We are going to upgrade the test cluster to 4.1.15, but nothing in the changelogs indicates hope for that upgrade to fix the problem.  I'll follow up on this bug when I have results, though.
[5 Dec 2005 21:54] eric von
We have upgraded our internal cluster to 4.1.15 and are able to generate similar behavior.  We haven't made the split brain startup post-crash happen yet, but we are definitely able to reliably and repeatably crash during backup.  I am modifying the Version field of this bug as a result.

The crash always occurs when we run a message handling process while backup is running.  This message handling process is fundamental to our application, and uses HAJMS and other technology I won't bore you with.  But the basic process is:

1) Node 2 inserts a record in a table with a BLOB
2) Node 2 inserts records in a few other tables with no BLOB
3) Node 3 inserts about 10 records and updates about 25, across many tables, some of which were inserted/updated by step 2, but none have BLOBs.
4) Node 3 inserts a row in a table with a LONGBLOB field
5) Node 3 updates the value of the LONGBLOB field in that new row
6) Repeat of step 3
7) Node 3 deletes the record created in step 1

I can provide tcpdump packet captures for all API nodes as this process runs during a backup (and leading to a crash), if that will help.
[5 Dec 2005 22:20] eric von
"Successful" split-brain cluster crash on 4.1.15, including ndb_mgm show output post-crash.

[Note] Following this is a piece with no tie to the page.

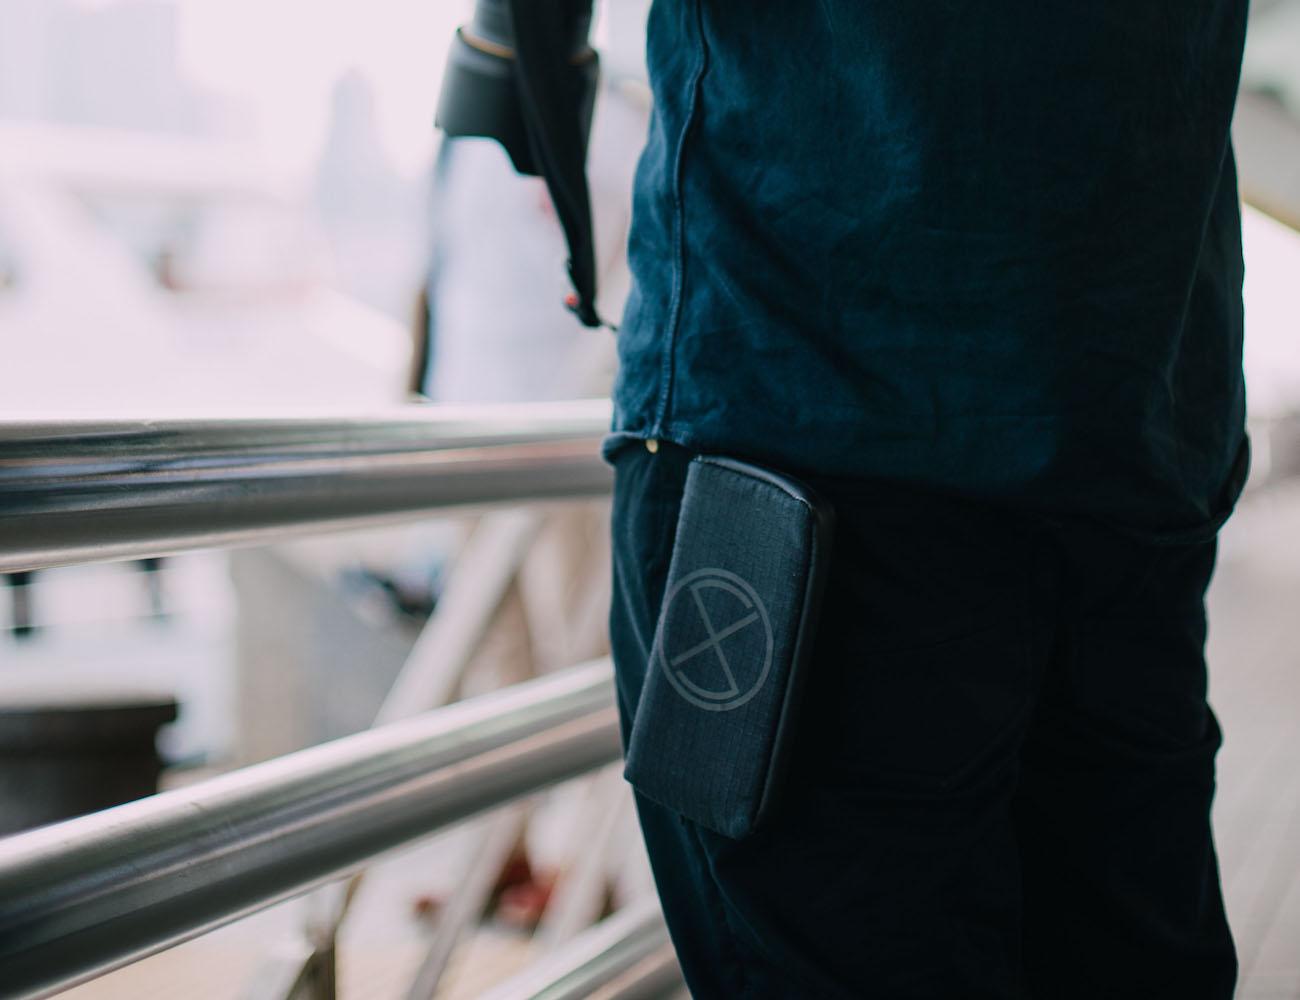 EXPLOSHIELD Smartphone Battery Bomb Suit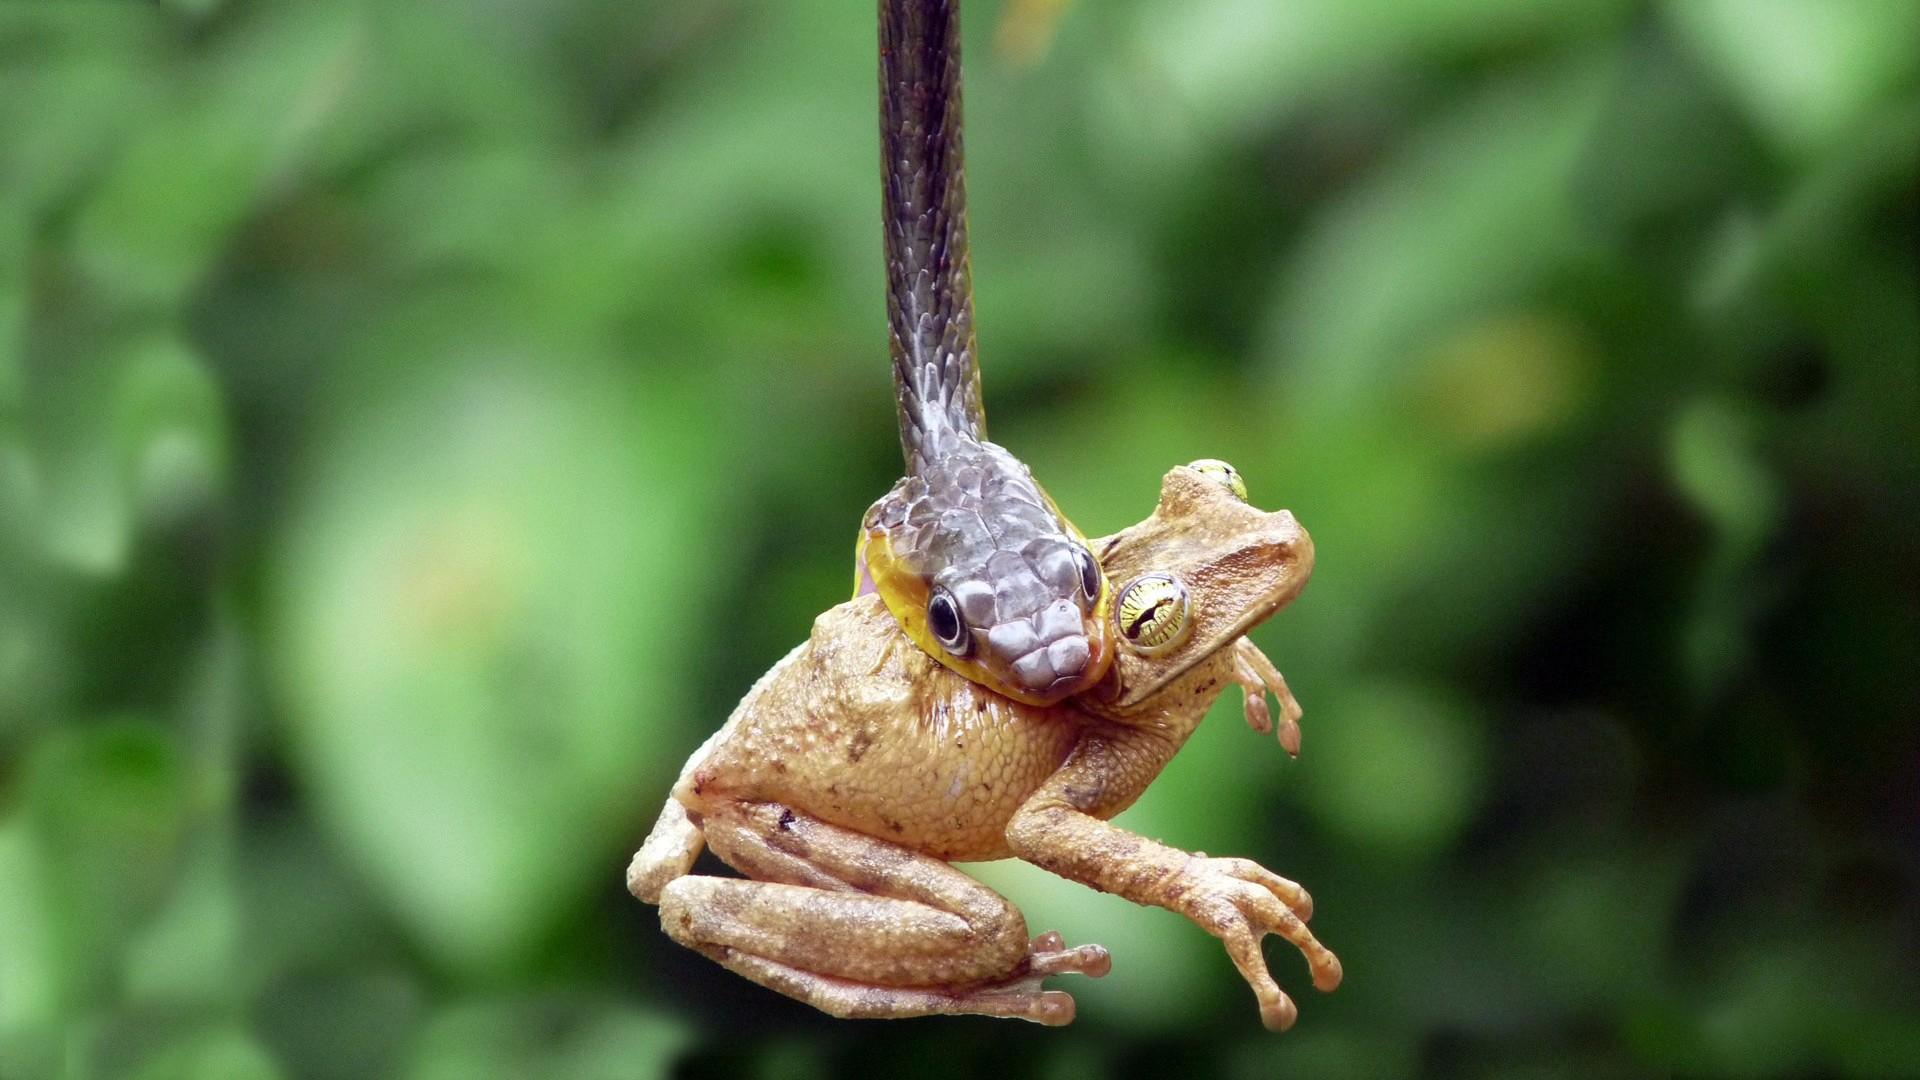 animals frogs snakes reptiles amphibians death battle hunting predator eyes wildife nature wallpaper background

Attachment: 4.1.15-crashlogs.tgz (application/x-compressed, text), 16.51 KiB.

[5 Dec 2005 22:28] eric von
We have just duplicated the splitbrain problem using 4.1.15.  Logs are attached.  We have also narrowed the query pattern to run during the backup to the following:

1) On the API node on the same machine as NDB node 2, insert a record containing a LONGBLOB
2) On the API node on the same machine as NDB node 3, delete that record by primary key.  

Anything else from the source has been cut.